Materials and Methods

All experimental procedures were approved by the Iowa State University Institutional Animal Care and Use Committee (log number 19 to 175).

Animals and experimental design

Ninety Angus steers (265 ± 21 kg) were randomly allocated to partially covered concrete pens (16 pens; 4 m × 13.3 m) at the Iowa State University Beef Nutrition Research Unit (Ames, IA). Each pen contained a separate GrowSafe feed bunk (GrowSafe System, Calgary AB, Canada) to allow for measurement of individual feed intake and an automatic water tank was shared between adjacent pens. Upon arrival, cattle were fed a common receiving diet and acclimated to GrowSafe bunks for 15 d. Prior to trial initiation (day −10), steers received individual visual and electronic identification tags were vaccinated (Bovi-Shield Gold 5, Zoetis Animal Health, Parsippany, NJ; Vision 7 with SPUR, Merck Animal Health, Madison, NJ; Pinkeye Shield XT4, Elanco Animal Health, Greenfield IN), and dewormed (Dextomax Injectable Solution, Zoetis Animal Health). All steers received an anabolic implant (Component TE-IS with Tylan, Elanco Animal Health) at trial initiation (day 0). Based on initial processing body weight (BW), steers were randomly allocated to form 3 weight blocks. Pens within block were then randomly assigned to 1 of 5 dietary treatments (n = 14 to 18 steers/treatment): no supplemental Cu (CON), 5 mg supplemental Cu/kg dry matter (DM) as CuSO4 (CS5), 10 mg supplemental Cu/kg DM as CuSO4 (CS10), 5 mg supplemental Cu/kg DM as bis-glycinate bound Cu (GLY5), or 10 mg supplemental Cu/kg DM as bis-glycinate bound Cu (GLY10). Cattle were fed a common corn silage-based diet daily at 0730 hours (Table 1; analyzed 4.9 mg Cu/kg DM) and had ad libitum access to feed. Dietary treatments were incorporated into the total mixed ration (TMR) as supplemental Cu premixes using dried distillers grains as a carrier. Antagonists (0.11% S as Ca sulfate and 5 mg Mo/kg DM as Na molybdate) were supplemented to all steers to aid in depletion of Cu status. Average daily gain (ADG) and feed efficiency (gain:feed; G:F) were calculated using the average of 2 consecutive days BW collected prior to feeding at the beginning (days −1 and 0) and end (days 125 and 126) of the trial.

Table 1.

Ingredient and nutrient composition of common diet fed to steers

DM, % as fed basis	55
Ingredient, % DM basis
Corn silage	40
Sweet bran1	40
Dried distillers grains	15
Microingredients2	5
Supplemental Cu premix3	-
Analyzed composition4
Neutral detergent fiber, %	29.9
Crude protein, %	19.3
Ether extract, %	4.5
S, %	0.48
Cu, mg/kg diet DM	4.9
Mo, mg/kg diet DM	5.3

1Branded wet corn gluten feed (Cargill, Wayzata, MN).

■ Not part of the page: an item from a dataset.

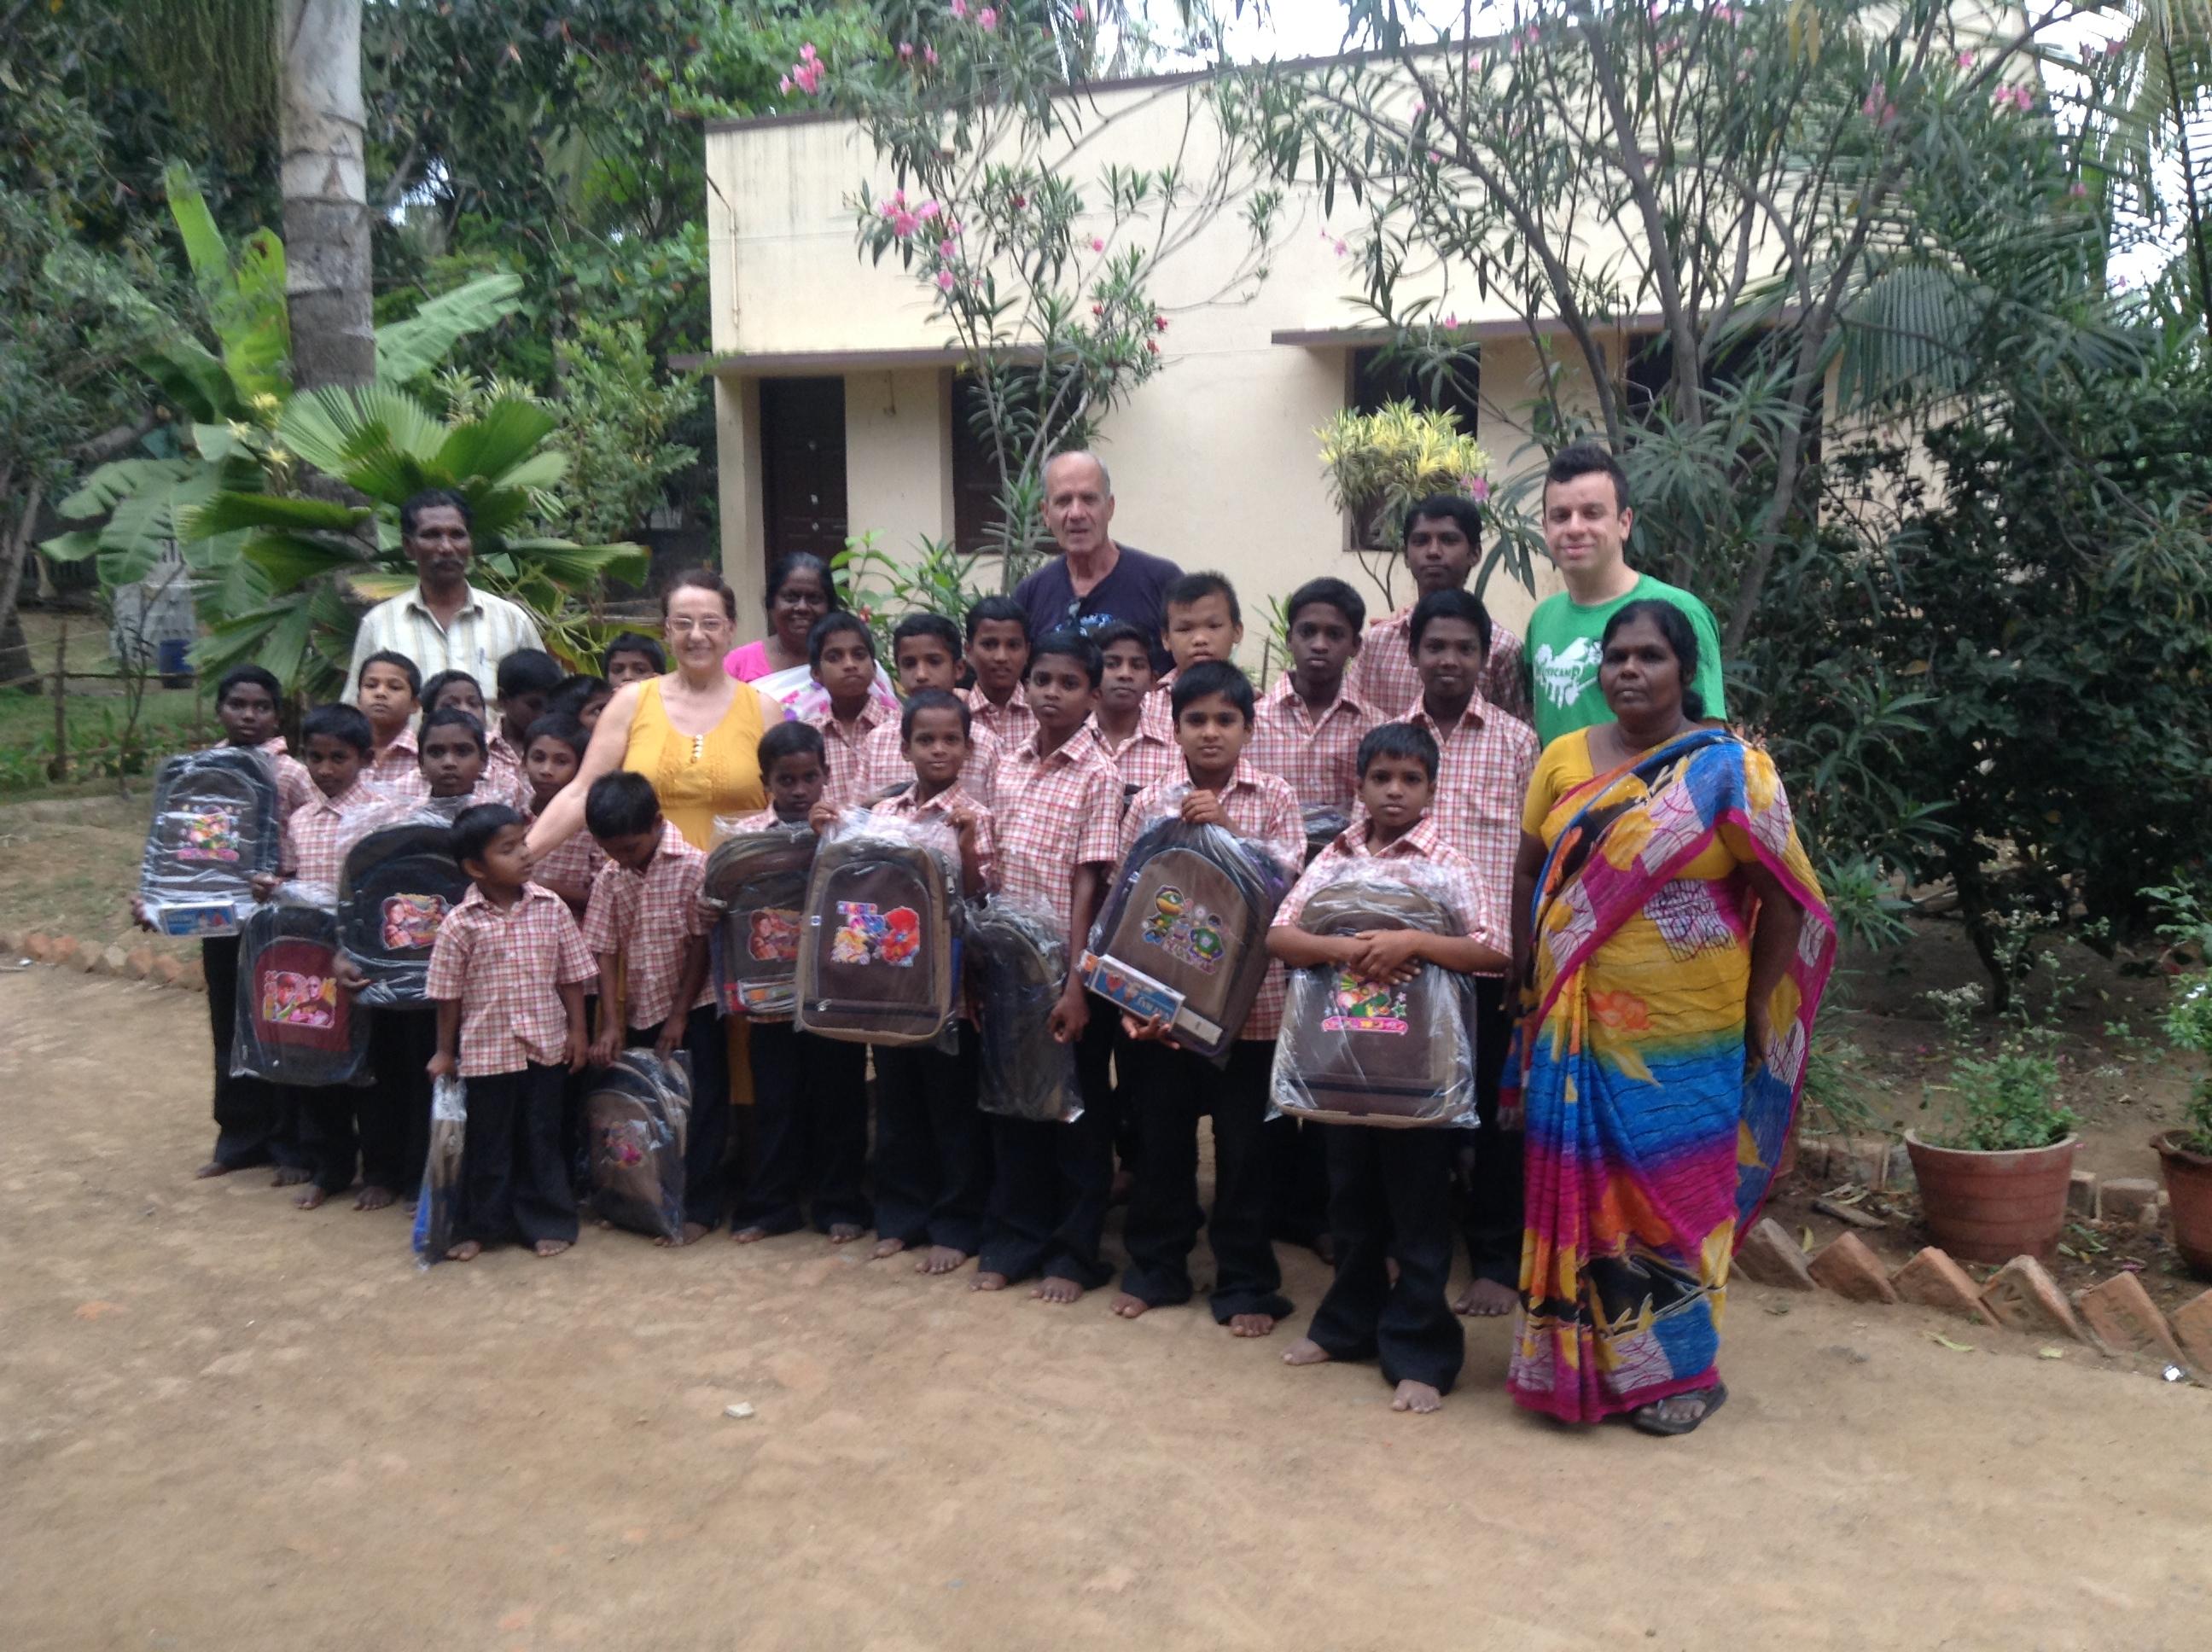 2018 Sostegno orfanotrofi in India

2Mineral supplement provided per kg of total diet: 0.15 mg/kg Co (cobalt carbonate hydrate), 20 mg/kg Mn (manganese sulfate monohydrate), 0.1 mg/kg Se (sodium selenite), 30 mg/kg Zn (zinc sulfate), 5 mg/kg Mo (sodium molybdate dihydrate) and 0.5 mg/kg I (calcium iodate); remaining components (included as % of diet DM): dried distillers grains 2.77%, limestone 1.18%, vitamin A and E premix, 0.1%, CaSO4 0.6%, salt 0.31% and Rumensin 90 (Elanco Animal Health, Greenfield, IN) 0.0135%.

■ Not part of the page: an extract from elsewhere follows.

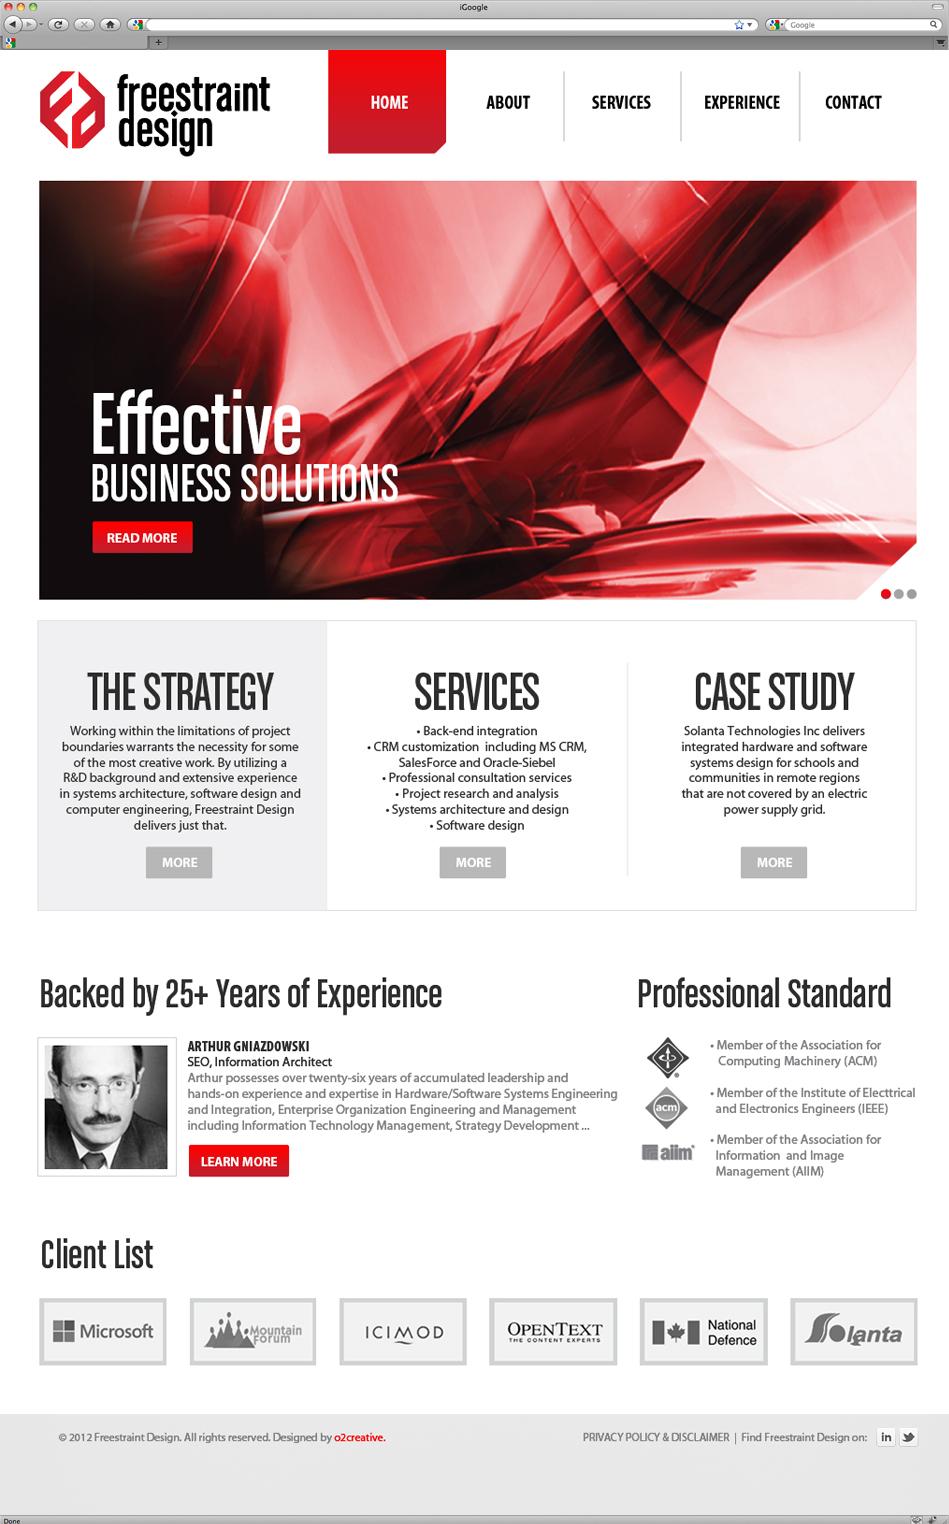 Freestraint Design website interface

3Supplemental Cu premixes were composed of dried distillers grains and provided either 5 or 10 mg of supplemental Cu/kg DM from CuSO4 or bis-glycinate bound Cu.

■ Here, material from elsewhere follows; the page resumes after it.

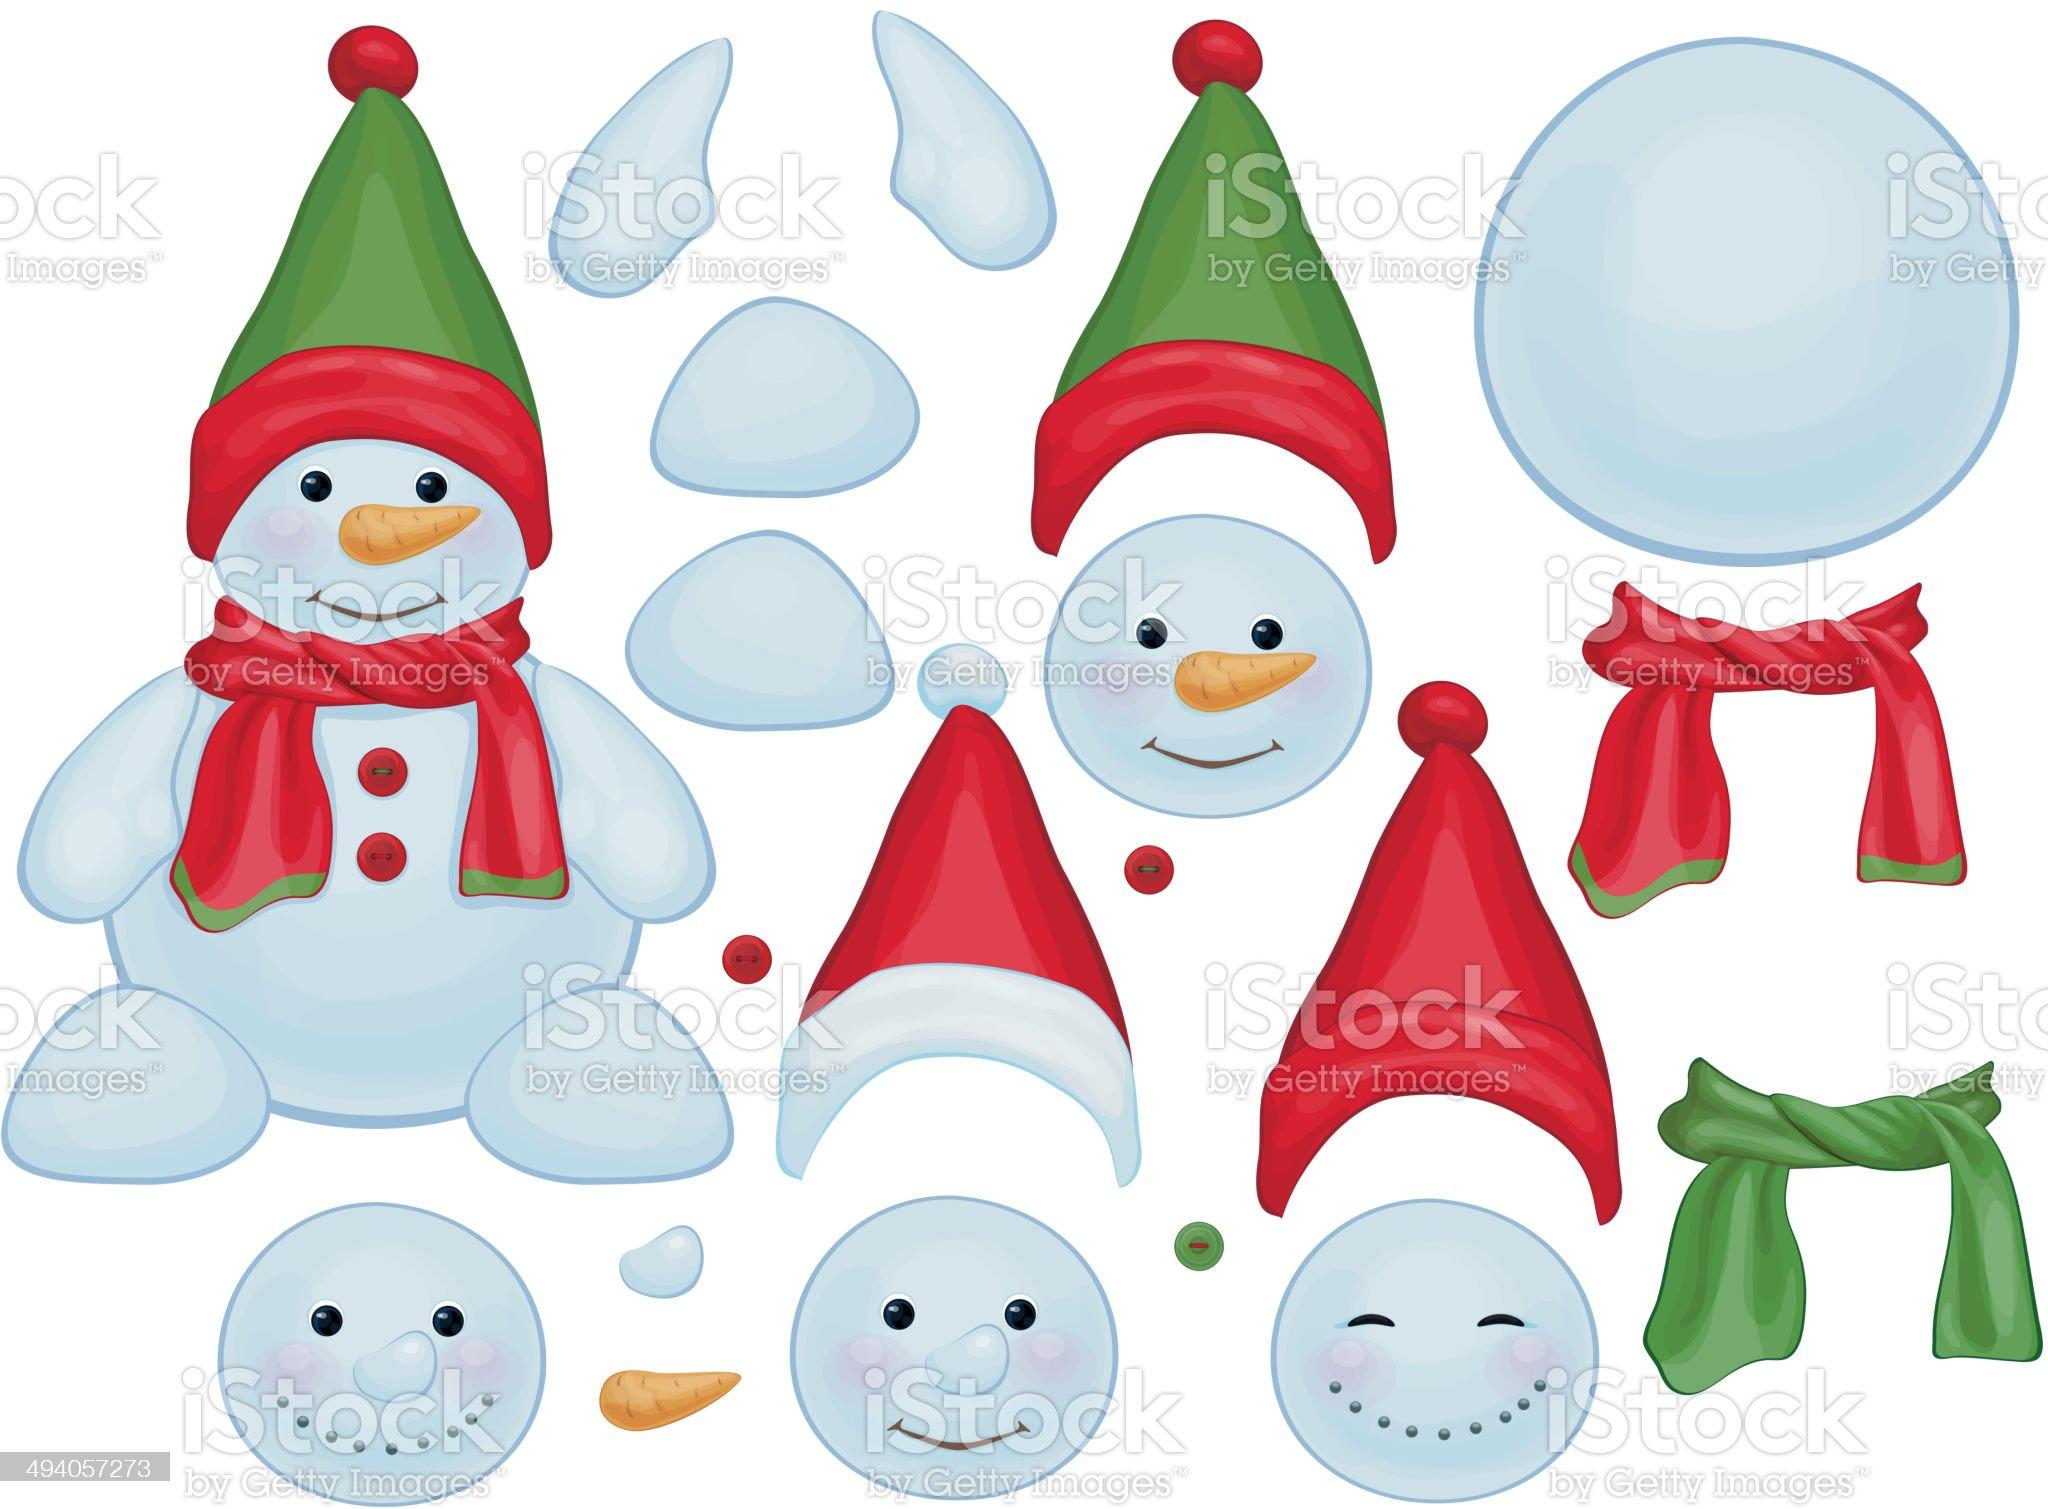 Vector snowman template, make own snowman. royalty-free stock vector art

4All analyses, except Cu, were conducted by Dairyland Laboratories, Inc. (Arcadia, WI).

Sample collection and analytical procedures

Total mixed ration samples for each respective treatment were collected weekly and frozen at −20 °C, then dried at 70 °C for 48 hr to determine diet DM. Weekly TMR DM values for each respective treatment were applied to steer as-fed intakes downloaded from the GrowSafe system to determine individual steer dry matter intake (DMI). Dried TMR samples were ground (Retsch ZM 100; Retsch GmbH, Haan, Germany) through a 2 mm screen, composited within treatment, and sent to a commercial laboratory (Dairyland Laboratories, Inc., Arcadia, WI) for analysis of neutral detergent fiber, crude protein, ether extract, S, and Mo (AOAC 1999a; AOAC 1999b; AOAC 2005).

Blood samples were collected before the daily feeding (~0800 hr) from all steers on days 0, 28, 56, 84, and 126 via jugular venipuncture into two 6 mL trace element K2EDTA blood collection tubes (Becton, Dickinson and Company, Franklin Lakes, NJ). Tubes were stored on ice until arrival at the laboratory and centrifugation at 1,000 × g for 20 min at 4 °C (Sorvall Legend X1F; Thermo Fisher Scientific Inc., Waltham, MA). Plasma was then aliquoted into microcentrifuge tubes and stored at −20 ºC until preparation for trace mineral analysis. Liver biopsies were conducted on all steers at least 2 hr postfeeding using a method previously described (Engle and Spears, 2000). To facilitate sample collection, liver biopsies were performed across consecutive days near trial initiation (days −3 or −2) and trial completion (days 123 or 124) with treatments and blocks balanced across sampling days. Pens were brought to the working facility in the same order for each biopsy timepoint to ensure similar length between biopsies. Liver samples were stored on ice during collection, then stored at −20 °C until drying at 70 °C in a forced-air oven for ~5 d.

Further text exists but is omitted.